I wouldnt change it now though.. I would get a few hunts in first.


----------



## bountyhunter (Jul 6, 2005)

I use one on my compound and have found that Scorpion Venom Whisker Biscuit Spray helps a lot to keep them quiet. I've also noticed that is makes more noise with camo shafts than it does on the standard shafts. I'd go to a drop away rest, but they don't work on Oneida bows because of the the way their cams and cables are setup.

http://shop.eaglearchery.com/browse.cfm/4,10525.html


----------



## wet dreams (May 21, 2004)

Anyone who says the rest is quiet is >>hard of hearing>>Deer are NOT. You mite think its quiet while shooting at home BUT in the very quiet woods they are LOUD, this is 1 stationary rest that can't be covered with Moleskin. Zero efect for me...WW


----------



## gordaflatsstalker (Jul 3, 2008)

Check out the ultra rest. It's made my Quality Archery Design. It's a fall away but it holds your arrow similar to a Whisker Biscuit.


----------



## Clint Leopold (Mar 7, 2006)

I'd go with a drop away. There are a couple good ones on the market. WB will work good most of the time but why take chances. Any close deer on a still day WILL hear it. It takes everybit of a few minutes to sight it back in. I'd change it out today.


----------



## Texhntr1022 (Jul 27, 2009)

x2 qad ultra rest.... wb makes too much noise on calm days with close deer


----------



## Marsh Rat (Mar 15, 2006)

QAD ultra rest...full capture and no noise


----------



## Timemachine (Nov 25, 2008)

I went with the "QUIKTUNE 360 Capture Rest" MDL 60-350. The arrow rest on a slide and the two sets of "whiskeys" are above making it 3 point contact. There is no contact with the fletchings. There is an adjustment that allows for the whiskeys to make heavy contact with the arrow (which makes a little noise when you draw back) and/or adjust all the way out to where the whiskers don't touch the arrow but still hold it. The entire I.D. of the frame is lined with moleskin. Very nice and was easy to install and adjust. Thanks for all the feedback.


----------



## bumaruski (Aug 30, 2004)

*WB*

I have a whisker bisquit on both my bows. No problems so far.


----------



## catchysumfishy (Jul 19, 2008)

I'm surprized that WB's are STILL available-Noisiest POS's and it's not Drawing back, it adds serious noise to the release!


----------



## marshhunter (Mar 20, 2008)

Timemachine said:


> I went with the "QUIKTUNE 360 Capture Rest" MDL 60-350. The arrow rest on a slide and the two sets of "whiskeys" are above making it 3 point contact. There is no contact with the fletchings. There is an adjustment that allows for the whiskeys to make heavy contact with the arrow (which makes a little noise when you draw back) and/or adjust all the way out to where the whiskers don't touch the arrow but still hold it. The entire I.D. of the frame is lined with moleskin. Very nice and was easy to install and adjust. Thanks for all the feedback.

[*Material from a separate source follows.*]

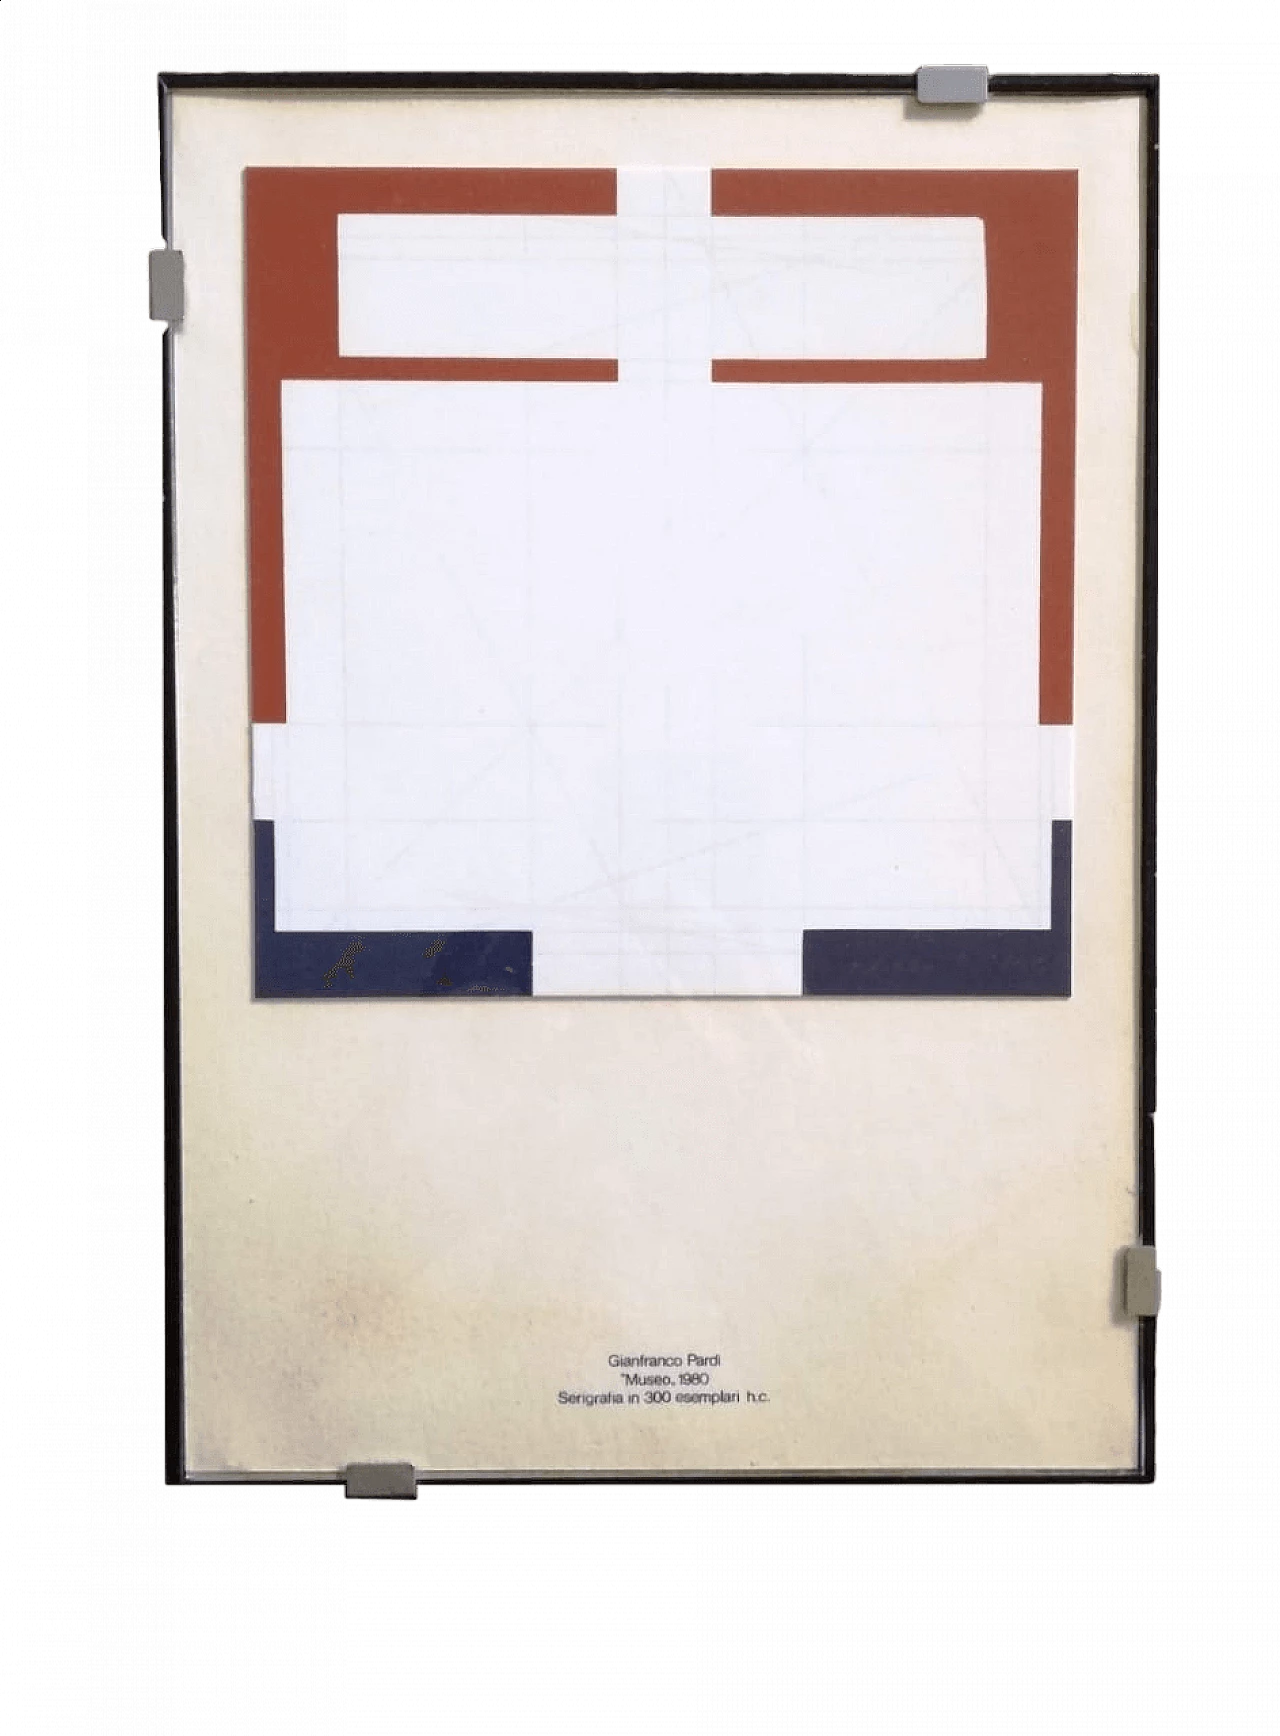 Gianfranco Pardi, Museo, serigrafia, 1980 7

did you get the one that has the "brushes" or the one that had the metal looking arms? because i am interested in it but i didn't like the idea of the "brushes" because they will more than likely wear out like on a hostage rest. what do yall think? just looking for a little input

marsh


----------



## Timemachine (Nov 25, 2008)

I went with the little brushes. Since the arrow rest on the plastic piece, the wear to the brushes should be minimum. Only *time* will tell.


----------



## gulfcoast200 (Jun 26, 2004)

Drop away is the way to go. Check out there slow motion videos. Its called Shoot through rest. Pay attention to the vanes after it passes through the Whisker Biscut. http://limbsaver.com/#one


----------



## Timemachine (Nov 25, 2008)

WOW.....that's messed up man!!! Also noticed how much the WB twisted back and forth after the shot. That can only be cause by a BUNCH of the energy being transfered (lost) to the WB. Glad I didn't go with the WB and THEN see this video.

You get green for this post


----------



## big_zugie (Mar 14, 2006)

thanks for the video, still think a drop away is the best bet.


----------